━━ Available data ━━
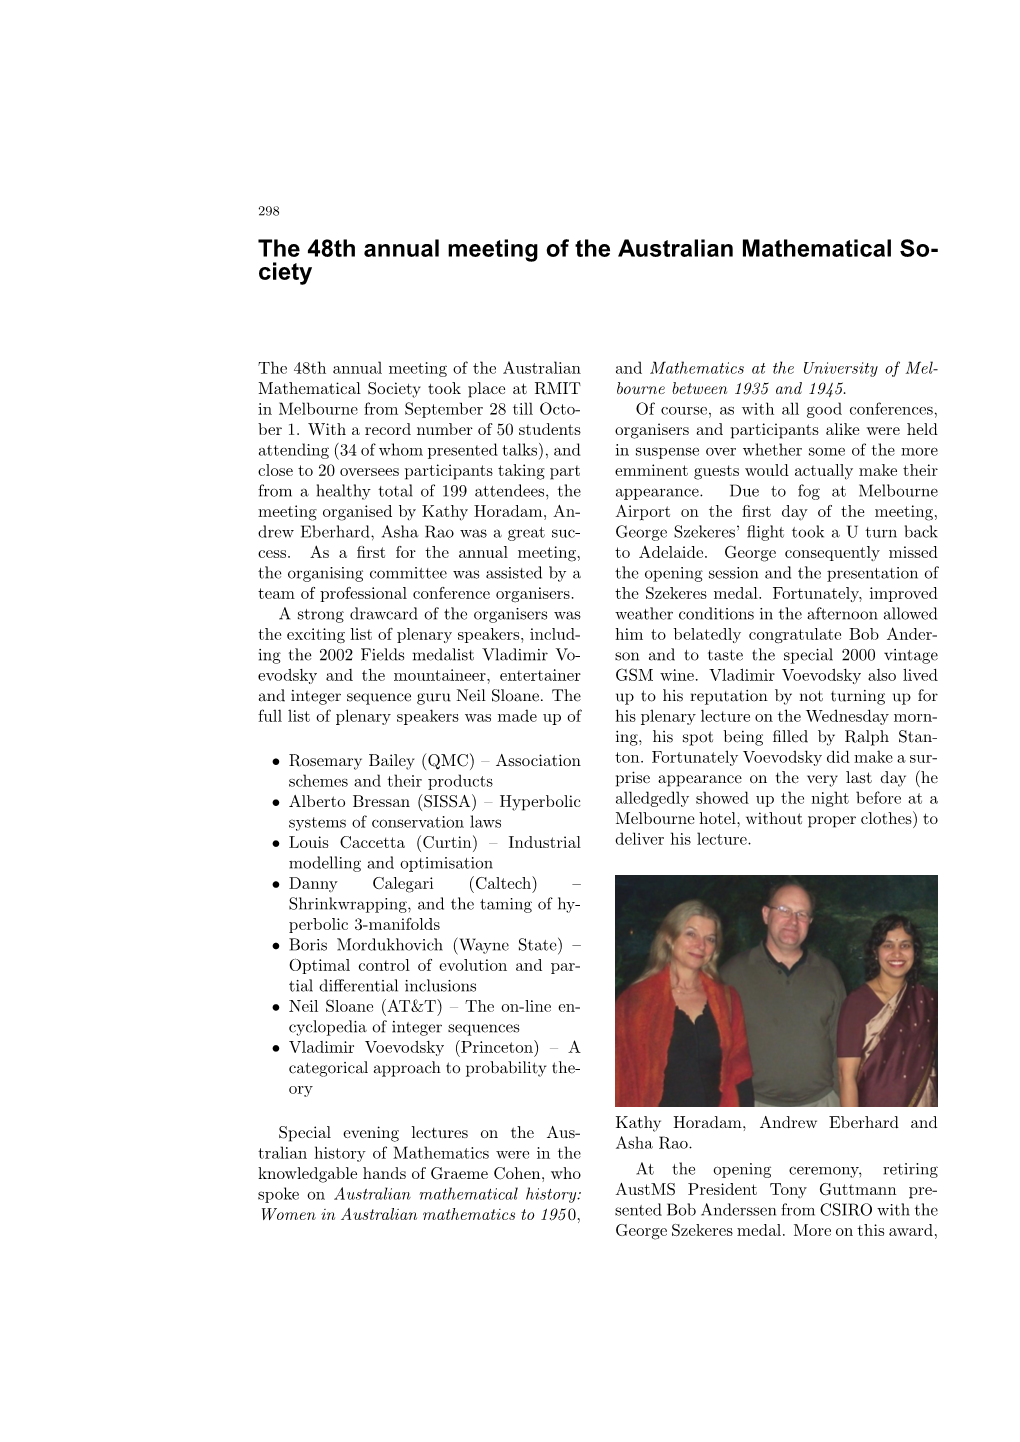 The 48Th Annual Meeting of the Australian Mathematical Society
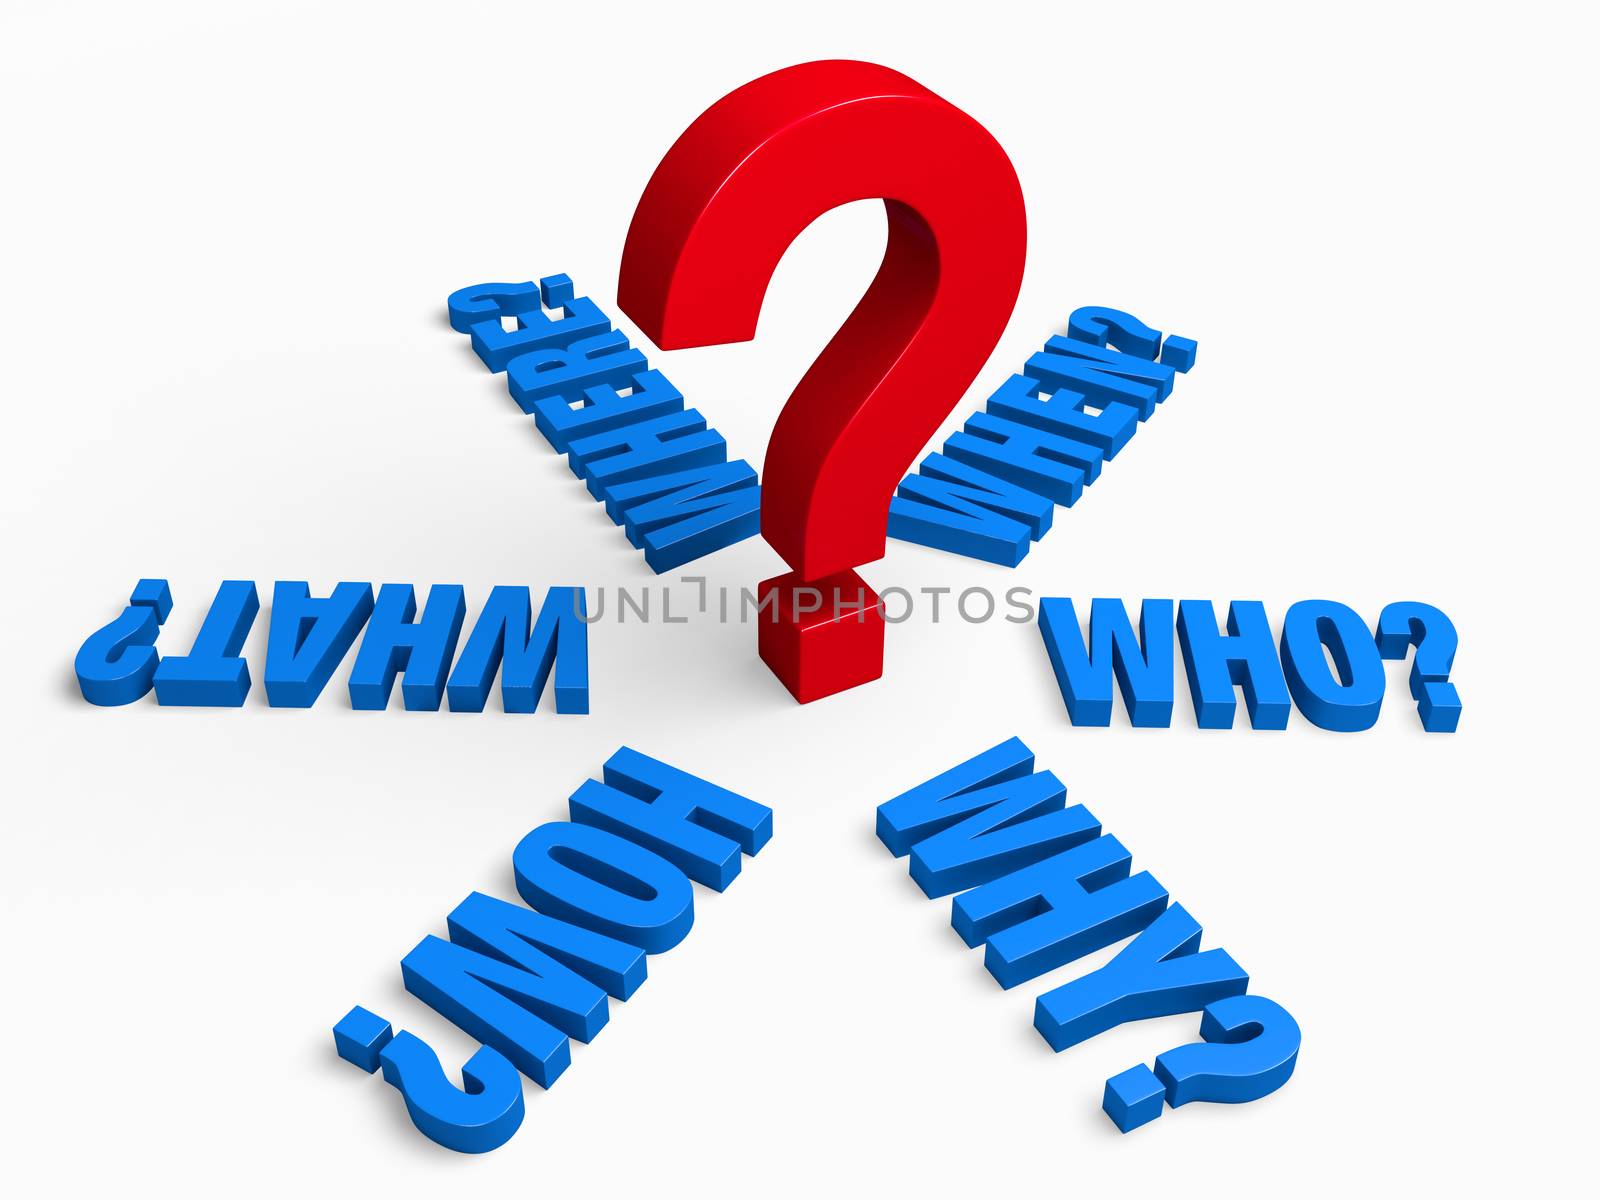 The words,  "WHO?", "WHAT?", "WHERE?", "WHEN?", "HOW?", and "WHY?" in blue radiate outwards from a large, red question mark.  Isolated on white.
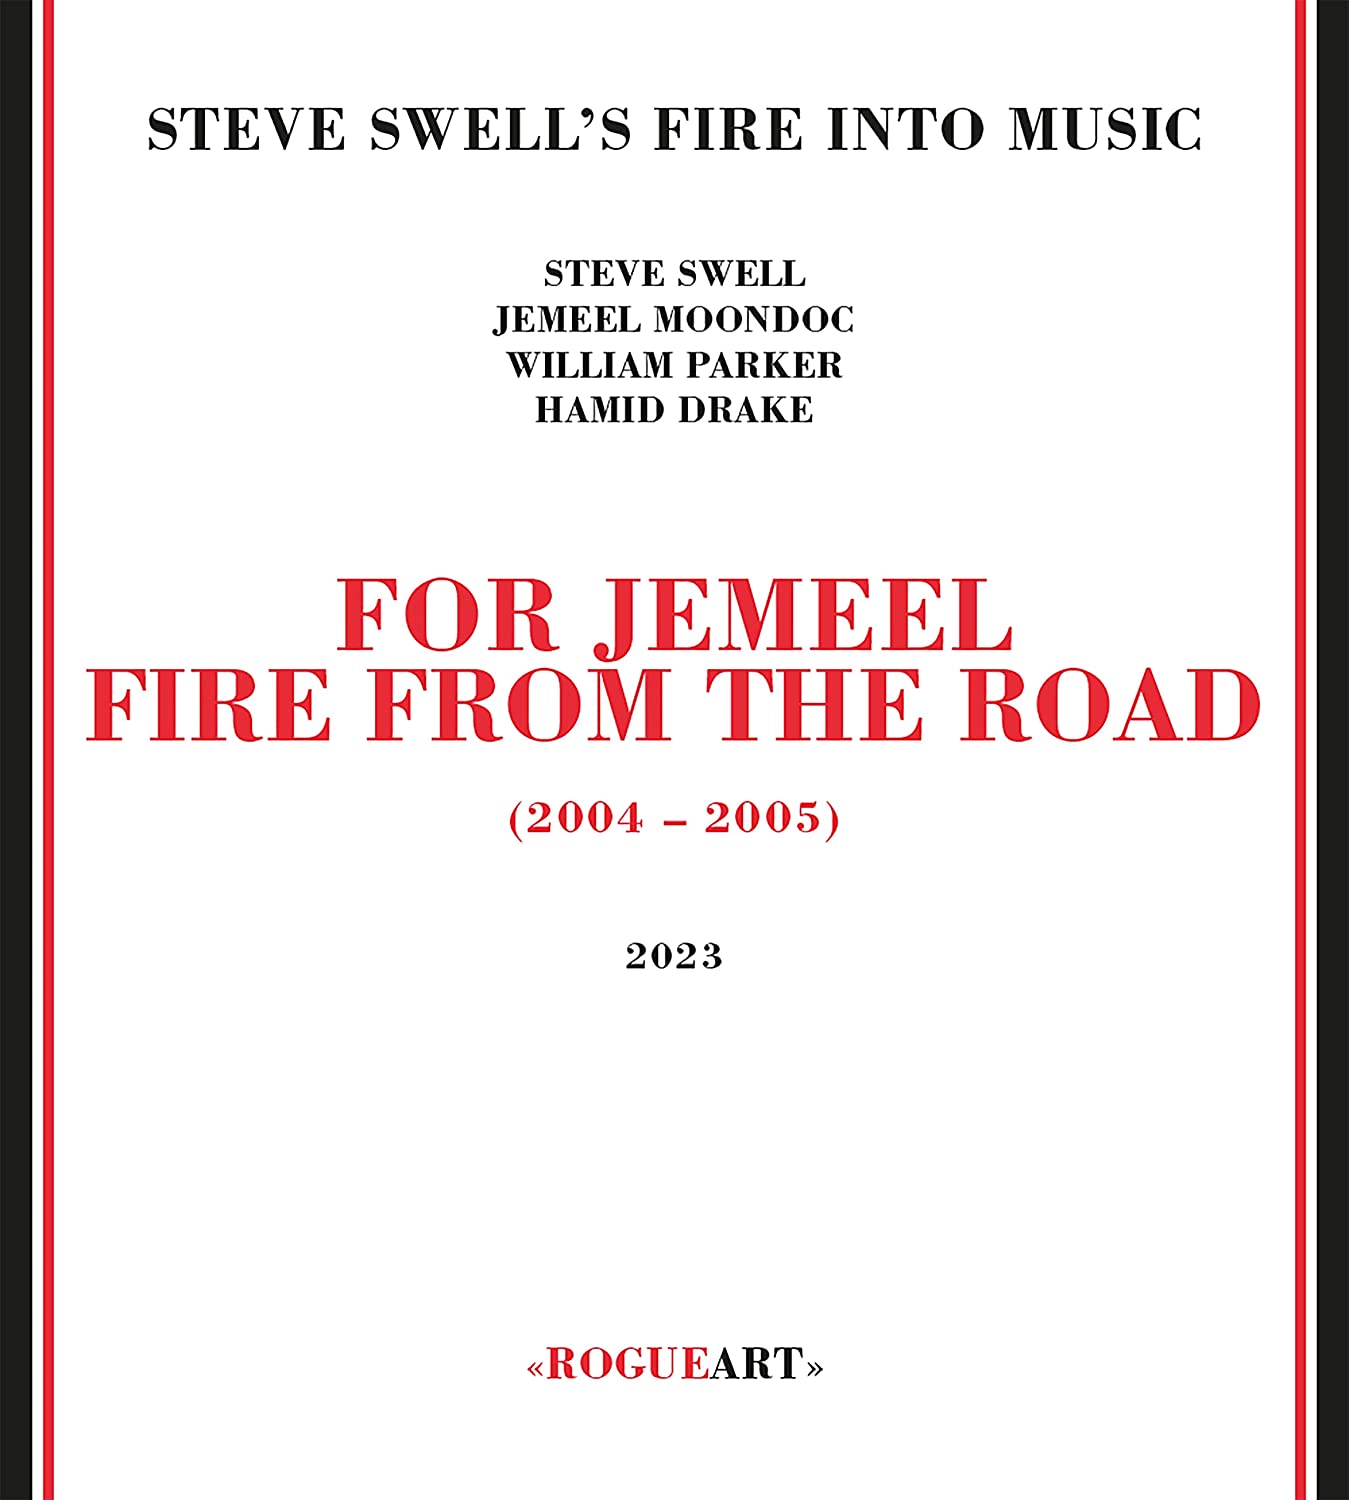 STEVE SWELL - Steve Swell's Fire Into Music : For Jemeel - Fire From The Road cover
━━━
→ **Exercise description**: Copy every line of the data exactly as written, excluding the pictures.

→ **Response**:
 The 48Th Annual Meeting of the Australian Mathematical Society
 The words,  "WHO?", "WHAT?", "WHERE?", "WHEN?", "HOW?", and "WHY?" in blue radiate outwards from a large, red question mark.  Isolated on white.
 STEVE SWELL - Steve Swell's Fire Into Music : For Jemeel - Fire From The Road cover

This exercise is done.